Now, this comes from a personal experience and after having paid a very costly $275 + PP + Tax for one Singh-Ray reverse nd graduated filter delivered in the UK. Unless half of your composition includes sky in the frame, the filter simply doesn’t work. As advertised (see pictures on their website), I expected the darker part of the filter on the grad side to be thinner than it actually is (see attachment of the actual filter that was delivered). I tested the filter once and found that it was not useful to me, I was glad I managed to sell it.


 

Hitech reverse neutral density graduated filterHitech

So, are the Hitech ones a good alternative? Again, this comes from a personal experience having tried the filter in the field. Not really, they seem to be very similar to Singh-Ray.

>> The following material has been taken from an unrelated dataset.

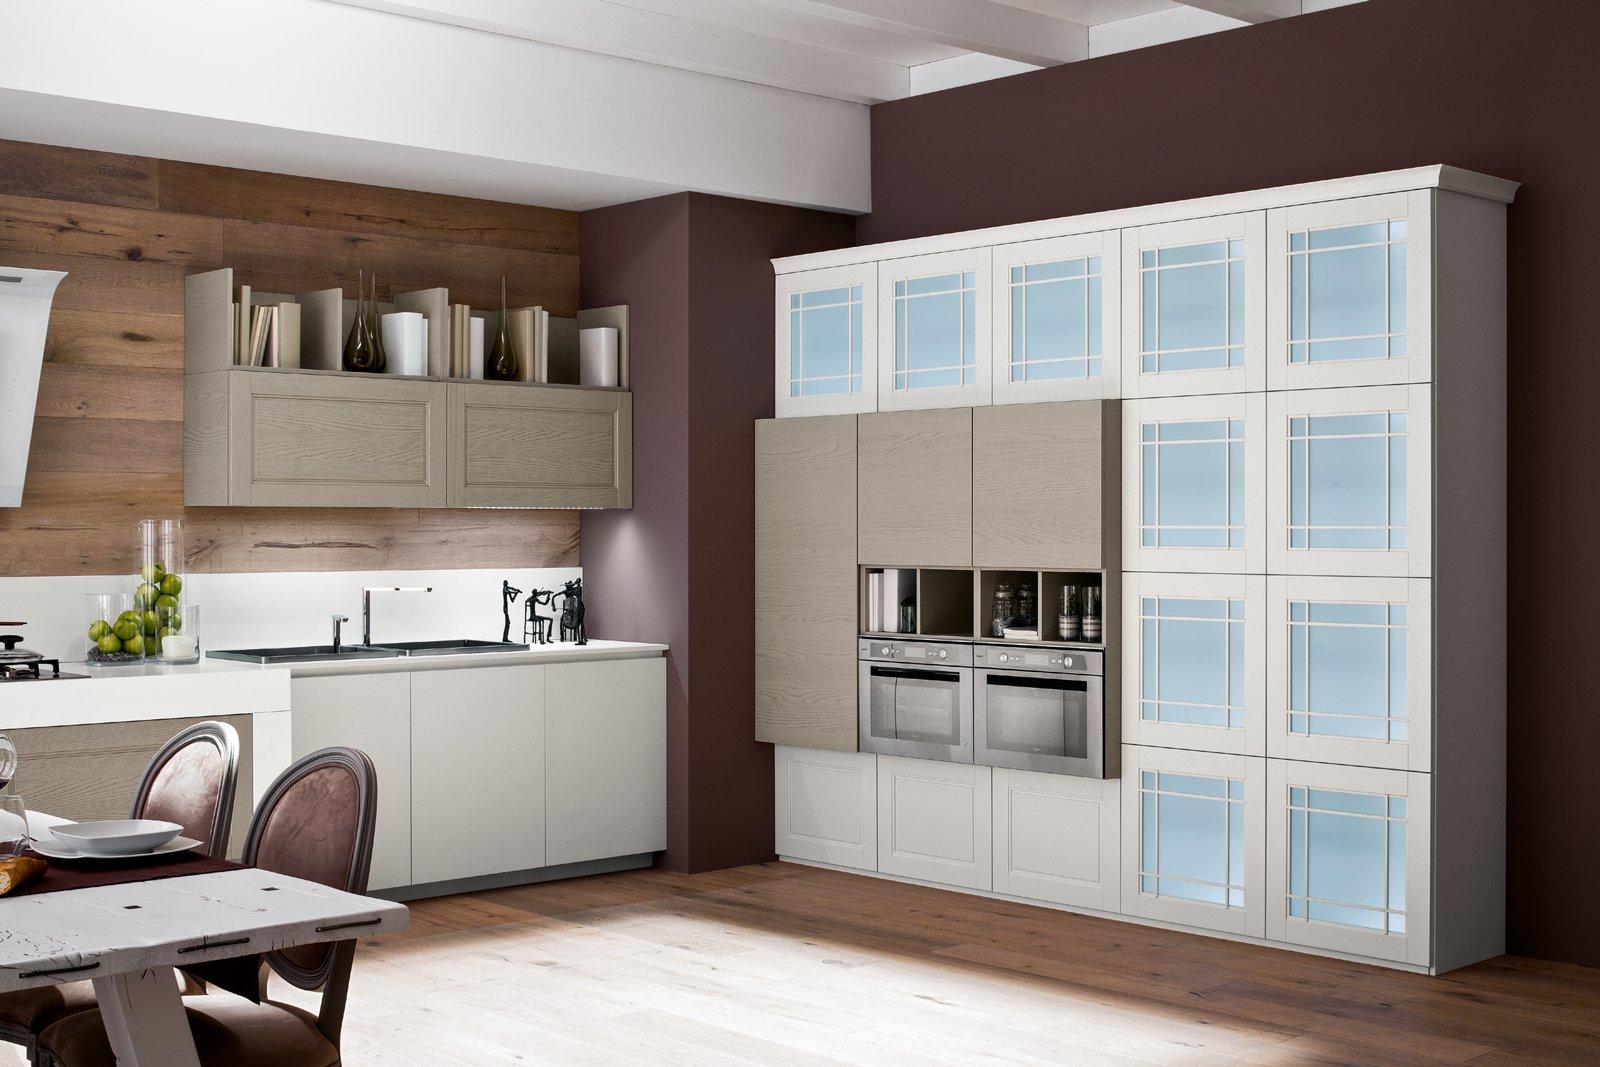 Cucina con vetrina soprattutto classica o in stile industriale cose di casa - Cucine arrex prezzi ...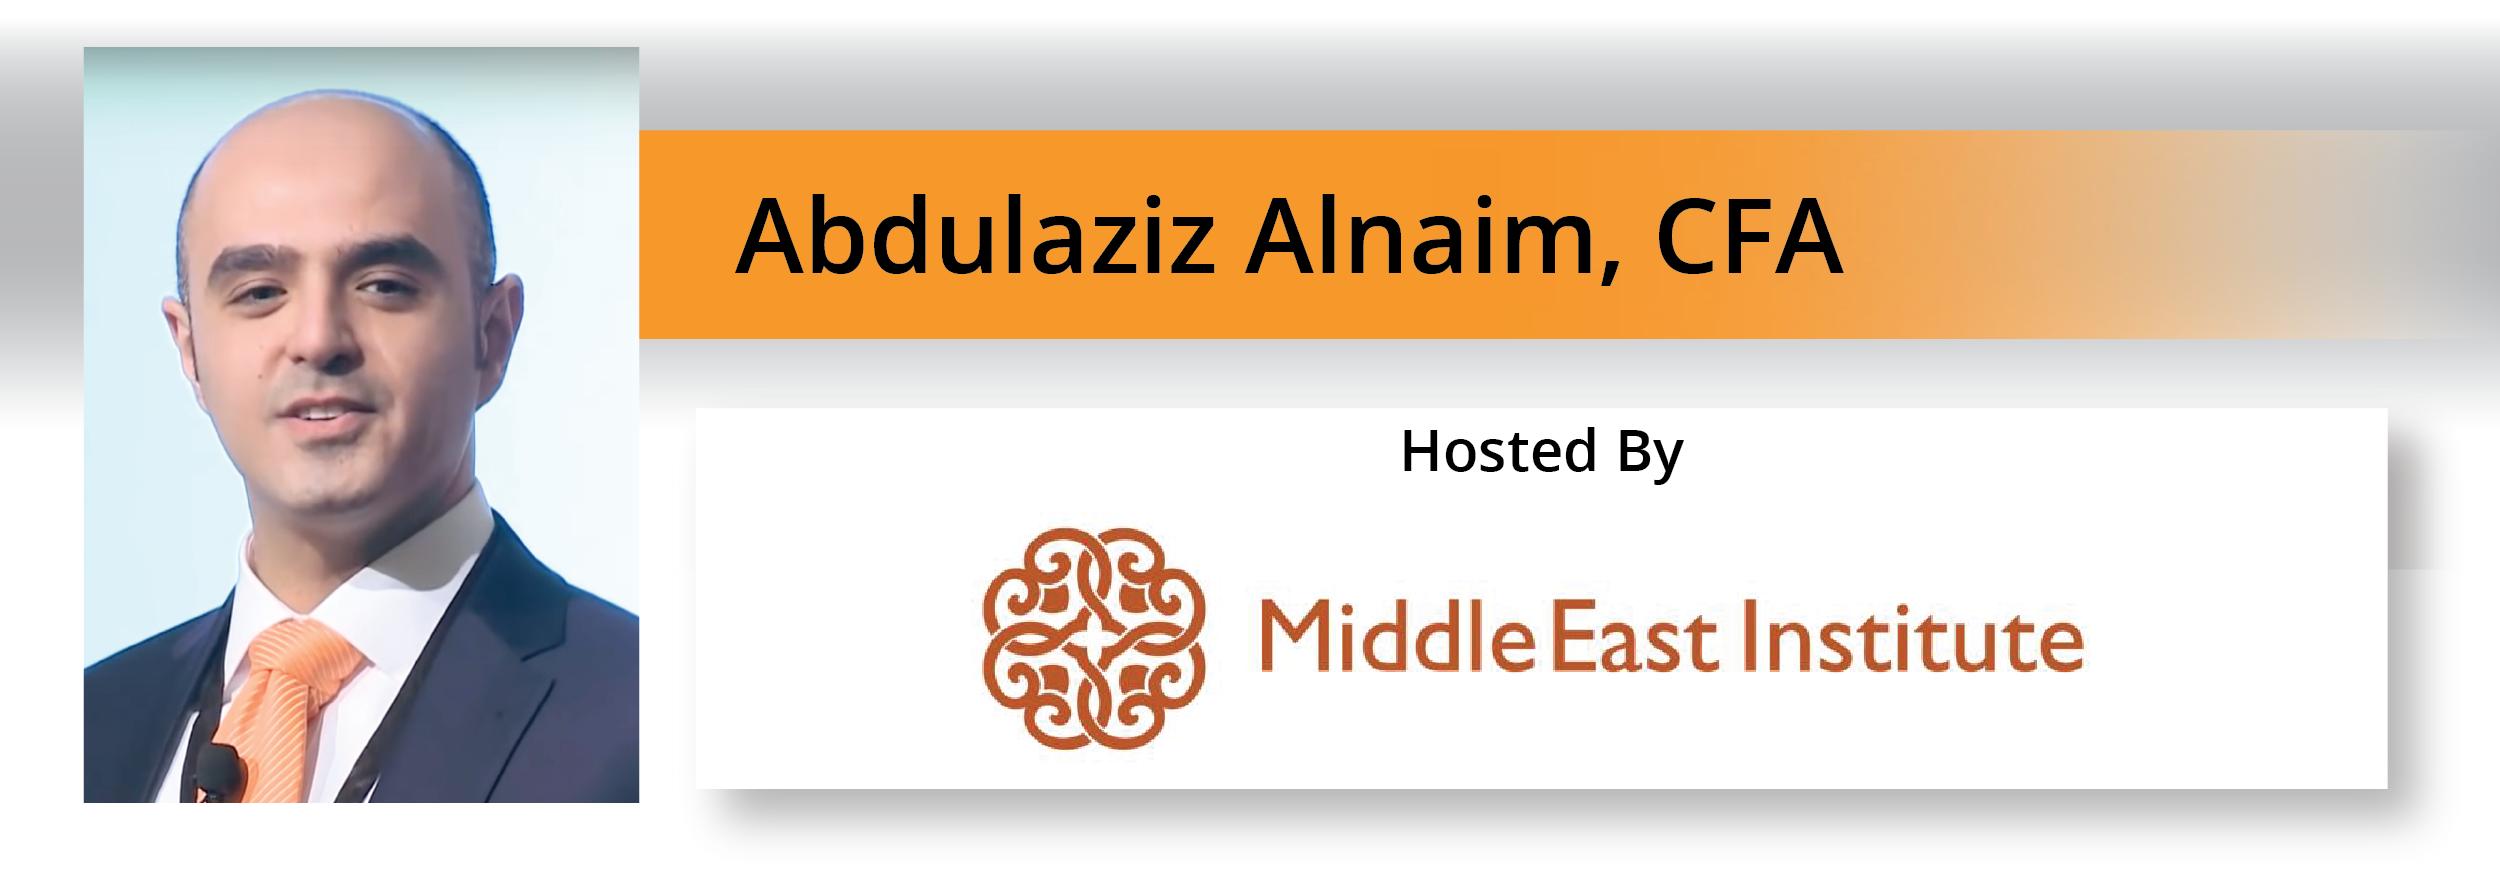 Abdulaziz Alnaim CFA-06

However, the Singh-Ray one seemed to be neutral where as the Hitech seemed to cause a bit of colour cast during long exposures. You can read a full review of the Hitech here.


 

reverse nd grad filterAlternatives

So, is there an alternative to the above 2 filters? Well, I use Lee filters and I have adjusted the filter holder to take four filters (four slots). No, Lee don’t make reverse ND Grad filters, yet, but here is what you can do.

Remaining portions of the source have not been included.